Su destino no fue diferente del de las legiones. Antes de acuartelarse en las Merindades, la división Littorio sufrió una humillante derrota en Guadalajara, a raíz de la cual el general Anibale Bergonzali, conocido como ‘Barba Eléctrica’, se lamentó de lo pobremente adiestrada que estaba su unidad y la comparó con “comparsas en una película de romanos”.

Por todo Burgos se propagó la leyenda de la cobardía italiana, alentada por los casos de deserción y automutilación (dispararse en el brazo, por ejemplo). En Sotoscueva todavía se bromea sobre la velocidad con que aquellos pobres extranjeros corrían de espaldas.

Acabada la Guerra Civil en 1939, los vencedores inauguraron en el puerto del Escudo una pirámide funeraria romana donde dieron sepultura a los italianos muertos en el norte de Burgos y en Vizcaya. Fue abandonada en 1975, con la llegada de la democracia a España. Por motivos económicos, algunos huesos fueron repatriados y los demás, trasladados al Sacrario Militare de Zaragoza, otro mausoleo erigido en 1940 y compuesto por una torre y una iglesia consagrada a San Antonio de Padua.

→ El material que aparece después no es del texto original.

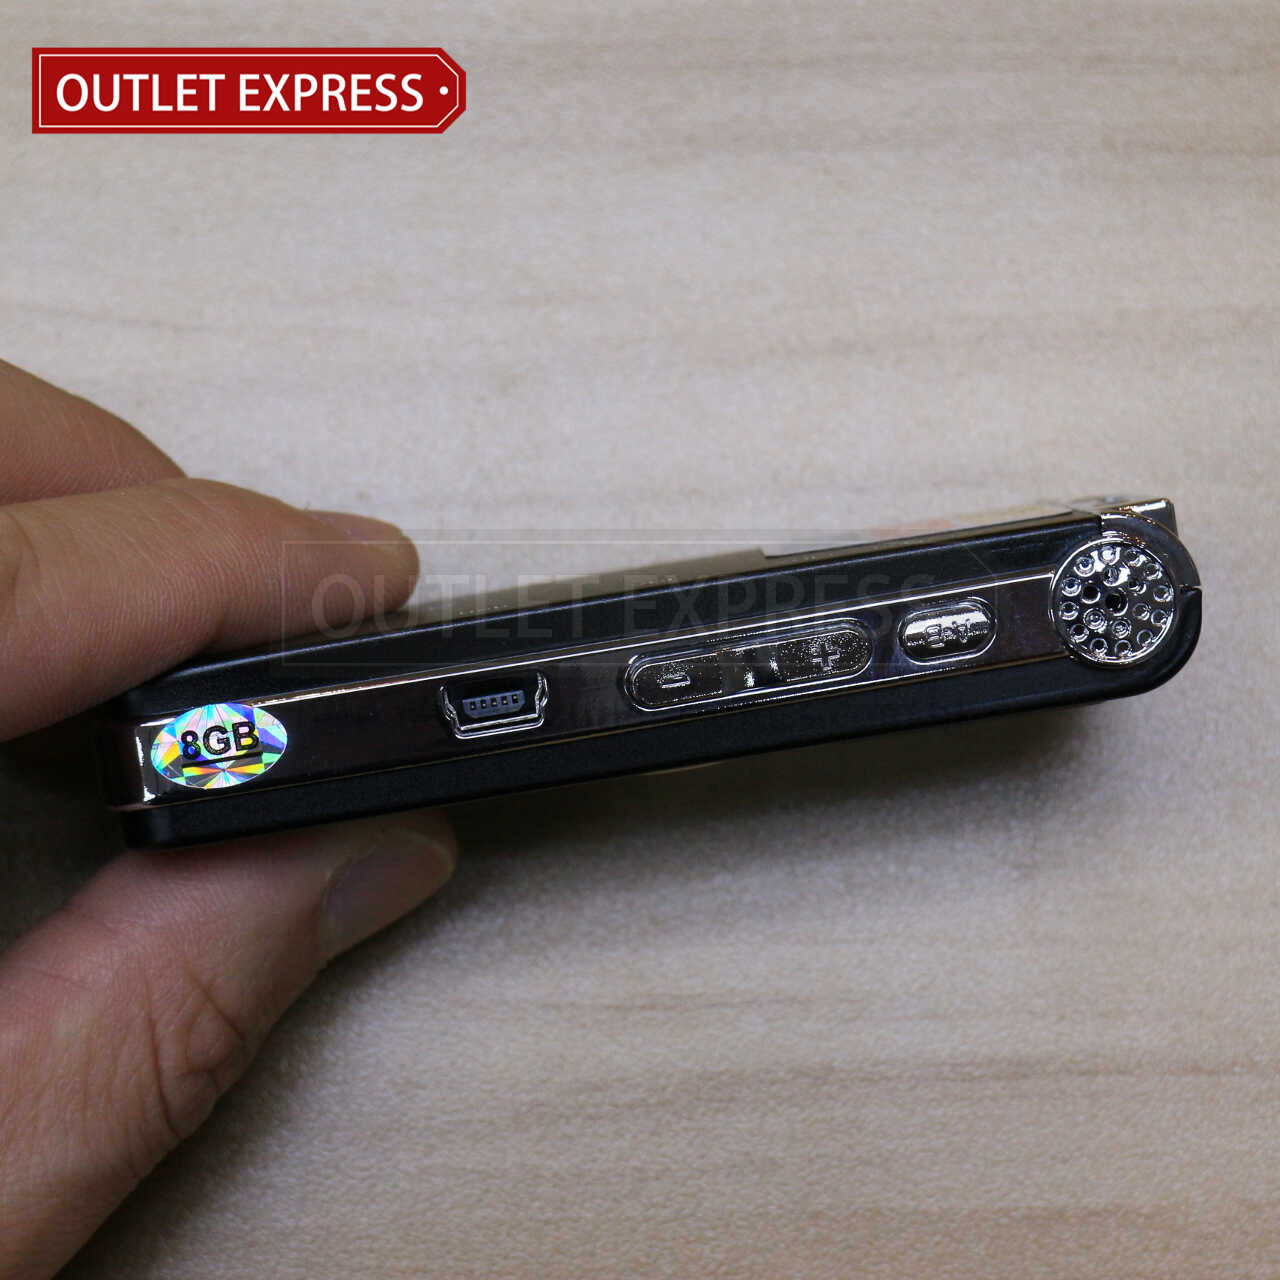 8GB USB高清數碼錄音筆 | MP3播放器- Outlet Express HK生活百貨城實拍相片

Allí reposan los restos de 2.889 soldados del contingente de Mussolini y de 22 compatriotas de las Brigadas Internacionales, estos últimos trasladados por el Gobierno italiano después de la Segunda Guerra Mundial. El lugar es oficialmente suelo italiano. El Duce decidió ubicar el osario en Zaragoza porque fue Augusto quien fundó esa ciudad (Caesaraugusta) en el 14 a. de C., justo después de la campaña de Agripa.

En la actualidad, la pirámide del puerto del Escudo, entre Cantabria y Burgos, nos remite a once o doce años antes de esa fundación, cuando a Augusto lo llamaban Octaviano y casi lo fulmina un rayo. Aseguraba haber restaurado la República, pero sentaba las bases del Imperio. Sumido en el olvido, el monumento se yergue sobre el pantano del Ebro, entre Soncillo y Reinosa, como símbolo de dos tragedias. Una lejana, escrita por las legiones y los cántabros, y otra contemporánea, la de la Guerra Civil, de la cual Indro Montanelli dejó un relato titulado ‘La chica de Soncillo’.

Ambas historias resuenan todavía en las Merindades, en los yacimientos de época romana escondidos en sus montañas, pero también en las palabras y signos que los soldados de Mussolini, un puñado de hombres que creían que iban a ser extras en una película, dejaron grabadas en las casas de labranza y las iglesias de los pueblos del norte de Burgos.